As to the third factor (amount and substantiality used in relation to whole), the Second Circuit found that complete copying (such as Google’s actions for cataloguing purposes) was not a bar on the fair use defense. The court found important that even though Google copied the entire work, it did not offer the entire copied work to the public. “While Google makes an unauthorized digital copy of the entire book, it does not reveal that digital copy to the public. The copy is made to enable the search functions to reveal limited important information about the books.” (emphasis in original). The court found, as currently structured, Google’s snippet view did not offer a significantly competing substitute to the original copyrighted work. For example, the court noted Google limited views from its search results to one-eighth of a page and to no more than one out of every ten sequential pages. Importantly, the same snippets were shown regardless of how many times a search was run, so it was impossible to re-create an entire work. In fact, the plaintiffs were only able to reveal 16% of a book, which the court found was not a substantial amount and noted, “[e]ven if the search function revealed 100% of the words of the copyrighted book, this would be of little substantive value if the words were revealed in alphabetical order, or any order other than the order they follow in the original book.”
Finally, as to the fourth factor (effect on potential market), the court found that such limited available text (as described above, no more than 16% of a work) did not threaten the right holders with any significant harm to the value of their copyrights.
In finding all four factors favored a finding of fair use, the Second Circuit affirmed the lower court’s decision that Google did not infringe plaintiffs’ copyrights.

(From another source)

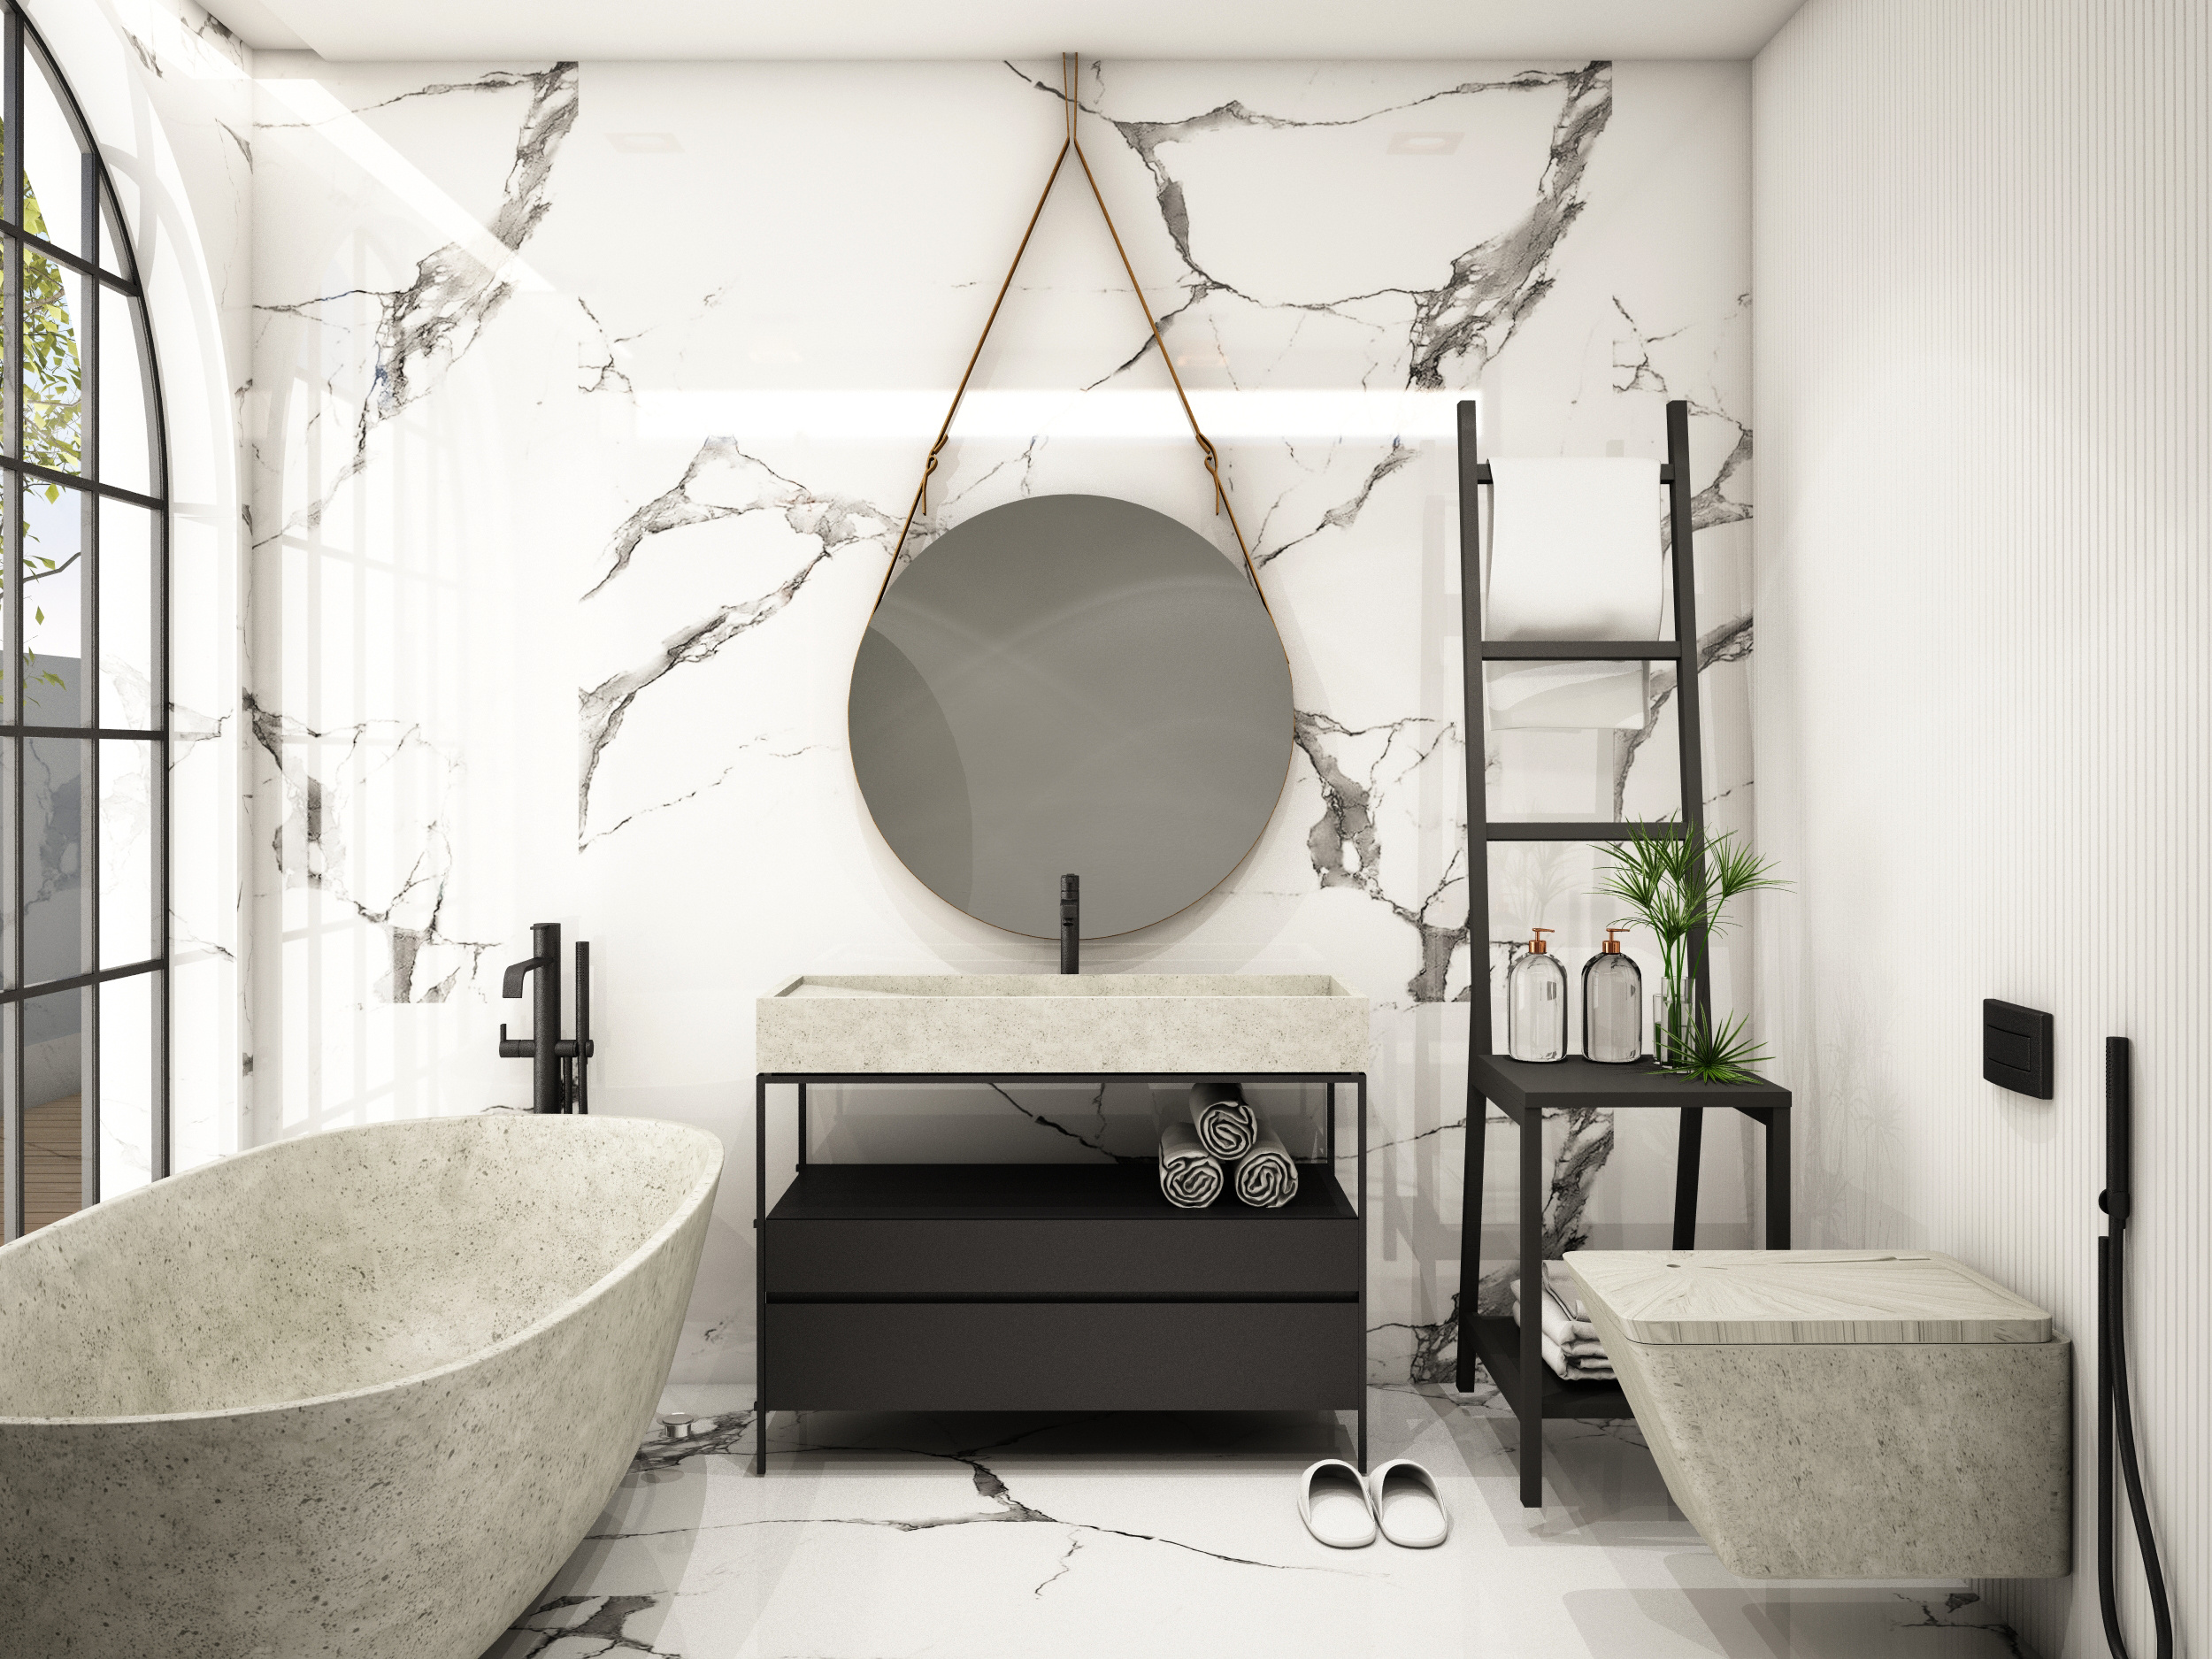 https://www.decoraid.com/wp-content/uploads/2022/03/bathroom-modern-interior-black-white-design-ideas.jpeg

The court was not swayed by plaintiffs’ remaining arguments. First, it held that plaintiffs did not have derivative rights in Google’s application of search and snippet views. Derivative rights are typically works that simply represent the original such as translations, dramatizations or a motion picture version of a book. Second, the court held that Google made a sufficient showing that it did not expose plaintiffs’ works to hackers. The court noted the files were walled off from public access and were protected by the same “impressive security measures” Google used to guard its own confidential information. In fact, plaintiffs’ own expert remarked on the strength of Google’s security features. Finally, the court held that Google’s distribution of digital copies to participating libraries fell under fair use, as the libraries had the right to digitalize the works, so it was not infringement for them to contract with Google to do so.
In finding Google’s actions to be fair use, the Second Circuit has provided guidance to the scope of copyright protection in an increasingly digitalized world. While the Second Circuit noted a necessary case-by-case analysis and the numerous steps Google took to prevent full disclosure of an entire work, the decision likely will have implications in defining the scope of what is “transformative” and may have implications for other uses of “data mining” technologies.